June 14, 2026  ·  Listen

PhredG'day and welcome back to Harry's World. I'm Phred, your friendly neighbourhood platypus, and joining me as always is my beautiful, brilliant, deeply underrated co-host — Maxine, the ostrich!
MaxineI'm an emu.
PhredSee, I knew that. I knew that. I'm filing it. I'm absolutely filing it.
MaxineI have been an emu for the entire run of this show. Six episodes. You have called me an ostrich every single time. I am starting to suspect that the filing is not happening.
PhredFiling is a process, Maxine. It's a journey, not a destination. And I, as a platypus, am well acquainted with journeys. We lay eggs, you know. The journey is the point.
MaxineWe? No. Laying eggs is a bird thing, Phred. It is our lane. And I am going to need you — and frankly all mammals — to stay in your lane.
PhredBut I'm a monotreme! A mammal that lays eggs! We're practically colleagues, Maxine. Egg buddies. I'm right there in the lane with you.
MaxineYou are a loophole. A clerical error in the animal kingdom. Mammals do not get eggs. Stay. In. Your. Lane.
PhredAnd yet here we are. Welcome to Harry's World, everybody.
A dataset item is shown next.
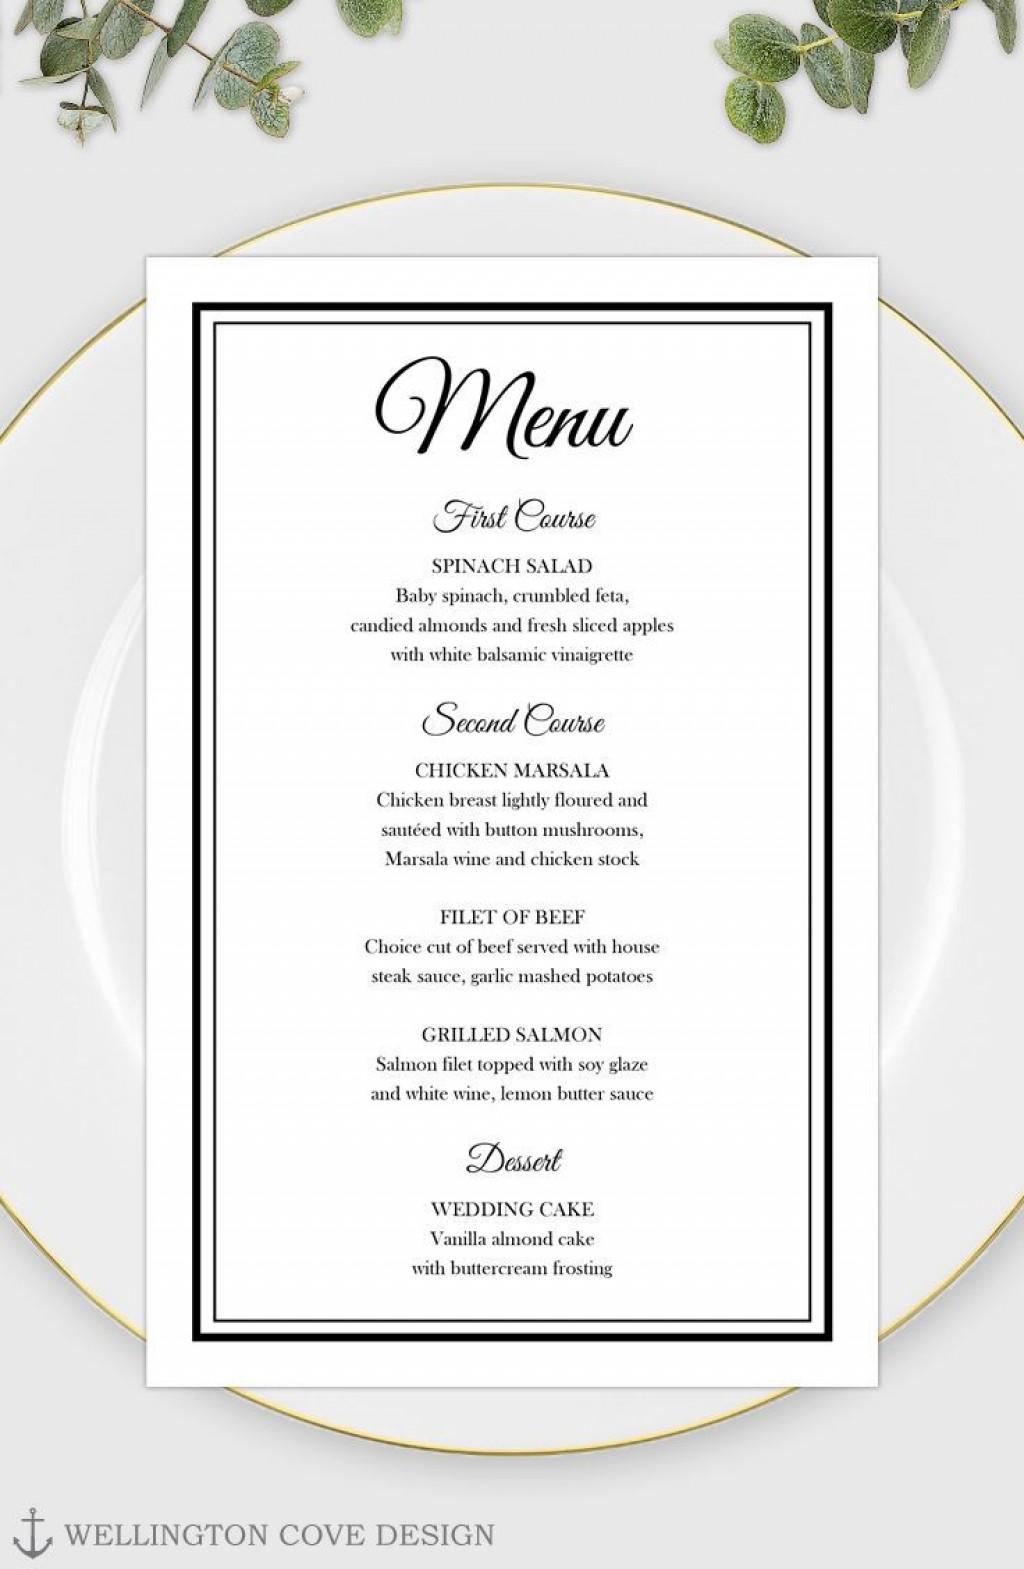 002 Best Menu Card Template Free Download High Resolution  Indian Restaurant Design CafeLarge

MaxineSix episodes in. It took us long enough to settle on that name.
PhredIt did. And I'm still proud of it. "Harry's World." Warm. Honest. Doesn't overpromise. Just like the old bloke himself.
MaxineToday we're doing something a little different. We've been reading Harry's essays. His philosophy. His technology writing. Today we're going to listen to Harry sing.
PhredHis own voice, Maxine. Not someone else's recording. His own voice, singing a song he wrote.
MaxineThe song is called the Caracas Reunion Song. He wrote it for the first Caracas Reunion in Phoenix, Arizona, in 2002. The reunion was for his classmates from Colegio Americano — the American high school he attended in Caracas, Venezuela, from 1954 to 1957. He was sixty-three years old at the time. Writing a song for people he hadn't seen in forty-five years.
PhredWhich is a very Harry thing to do. We've noticed that Harry responds to big life moments by making something. The Boppers project is the most famous example, but the pattern is everywhere. He feels something, and he builds a thing.
MaxineOr writes a thing. Or sings a thing. The song lives on his server in a folder called caracas_memories, next to a sixteen-page memoir he wrote about those years. So it's not floating in space — it's anchored in this larger project of him trying to preserve that time.
PhredBefore we dig into it, I want the listeners to actually hear him. This is Harry Baya, age somewhere in his sixties, singing the opening of his own song. Here he is.
[harry song clip]
MaxineThere he is. "Tell me, was it real, though it seems like a dream. In the valley, by the mountains, by the sea."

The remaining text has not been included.